To block means that the process will stop executing here and goes to sleep until some condition is met. In the case of recv(), the process goes to sleep until there’s some data to receive.

So we have this problem where if we do something like this:

data1 = s1.recv(4096)
data2 = s2.recv(4096)
data3 = s3.recv(4096)

but there’s no data ready on s1, then the process will block there and not call recv() on s2 or s3 even if there’s data to be received on those sockets.

We need a way to monitor s1, s2, and s3 at the same time, determine which of them have data ready to receive, and then call recv() only on those sockets.

The select() function does this. Calling select() on a set of sockets will block until one or more of those sockets is ready-to-read. And then it returns to you which sockets are ready and you can call recv() specifically on those.

29.2 Using select()

First of all, you need the select module.

import select

If you have a bunch of connected sockets you want to test for being ready to recv(), you can add those to a set() and pass that to select(). It will block until one is ready to read.
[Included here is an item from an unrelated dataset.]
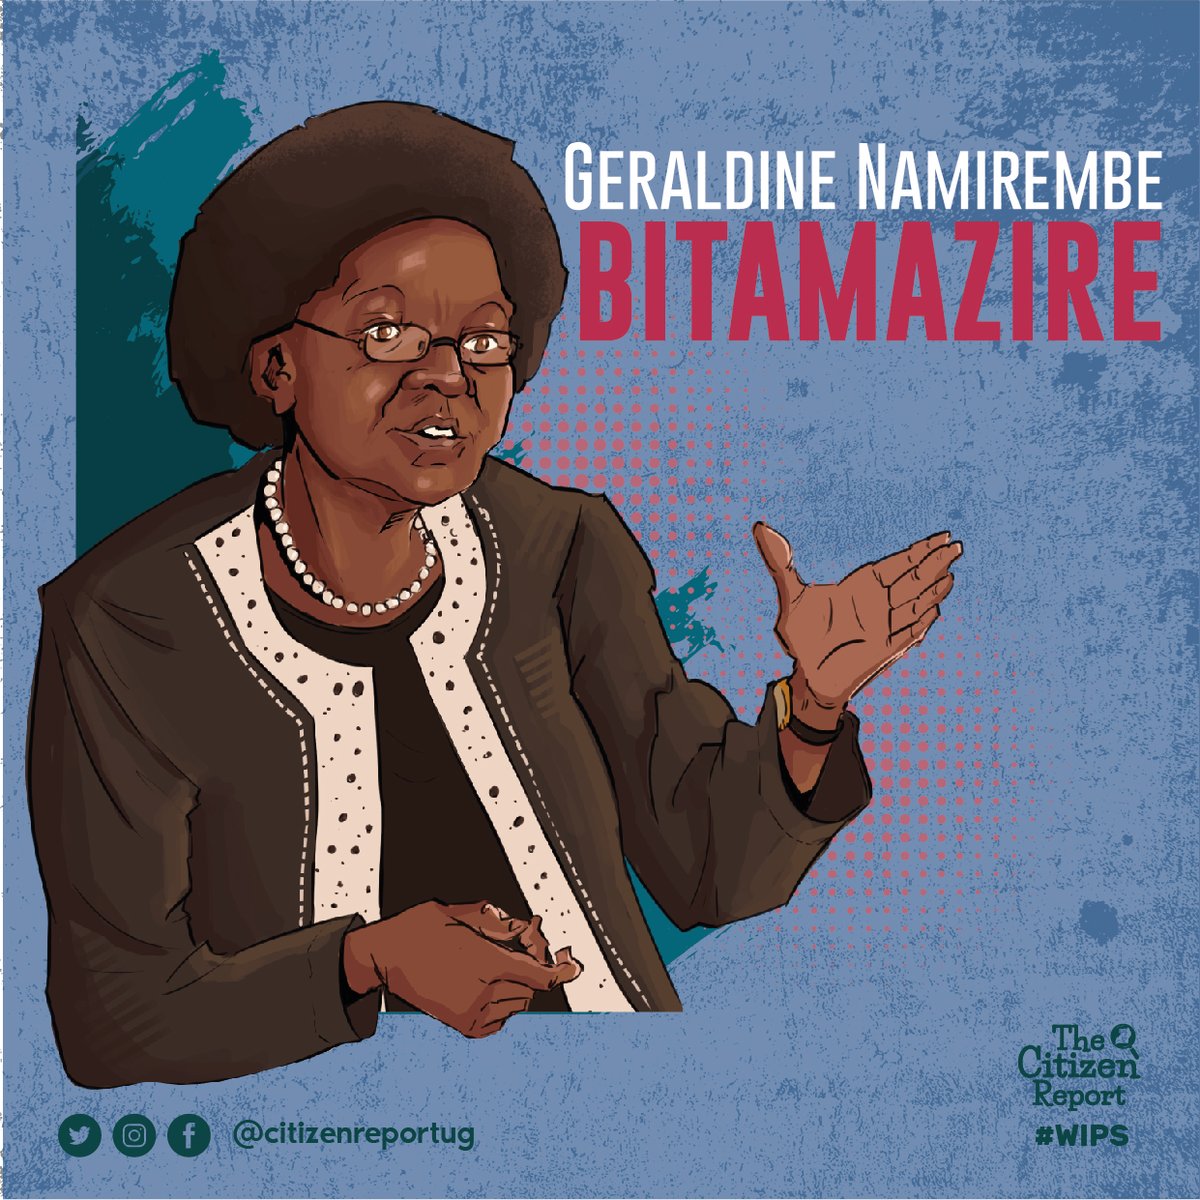 Geraldine Namirembe Bitamazire was born in 1941 in Butambala District. She studied at Trinity College Nabbingo, got a Diploma in Education in 1964, a Bachelor of Arts, and a Master's Degree in Education Management, from Makerere University in 1967 and 1987, respectively. She…

This set can be used as your canonical list of connected sockets. You need to keep track of them all somewhere, and this set is a good place. As you get new connections, you add them to the set, and as the connections hang up, you remove them from the set. In this way, it always holds the sockets of all the current connections.

Here’s an example. select() takes three arguments and return three values. We’ll just look at the first of each of these for now, ignoring the other ones.

read_set = {s1, s2, s3}

ready_to_read, _, _ = select.select(read_set, {}, {})

At this point, we can go through the sockets that are ready and receive data.

for s in ready_to_read:
    data = s.recv(4096)

29.3 Using select() with Listening Sockets

If you’ve been looking closely, you might have the following question: if the server is blocked on a select() call waiting for incoming data, how can it also call accept() to accept incoming connections? Won’t the incoming connections have to wait? Furthermore, accept() blocks… how will we get back to the select() if we’re blocked on that?

Fortunately, select() provides us with an answer: you can add a listening socket to the set! When the listening socket shows up as “ready-to-read”, it means there’s a new incoming connection to accept().

29.4 The Main Algorithm

Putting it all together, we get the core of any main loop that uses select():

add the listener socket to the set

main loop:

    call select() and get the sockets that are ready to read

    for all sockets that are ready to read:

        if the socket is the listener socket:
            accept() a new connection
            add the new socket to our set!

        else the socket is a regular socket:
            recv() the data from the socket

            if you receive zero bytes
                the client hung up
                remove the socket from tbe set!

29.5 What About Those Other Arguments to select()?

select() actually takes three arguments. (Though for this project we only need to use the first one, so this section is purely informational.)

They correspond to:

And the return values map to these, as well.

read, write, exc = select.select(read_set, write_set, exc_set)

But again, for this project, we just use the first and ignore the rest.

read, _, _ = select.select(read_set, {}, {})

29.5.1 The Timeout

I told a bit of a lie. There’s an optional fourth arguments, the timeout. It’s a floating point number of seconds to wait for an event to occur; if nothing occurs in that timeframe, select() returns and none of the returned sockets are shown as ready.

You can also specify a timeout of 0 if you want to just poll the sockets.

29.6 Reflect

29.7 Using select() with send()

If your computer tries to send too much too fast, the call to send() might block. That is, the OS will have it sleep while it processes the backlog of data to be sent.

But let’s say you really don’t want to have the call block and want to keep processing.

You can query with select() to make sure a socket won’t block with a send() call by passing a set containing the socket descriptor as the second argument.

And it’ll work in much the same way as the “ready to read” set works, above.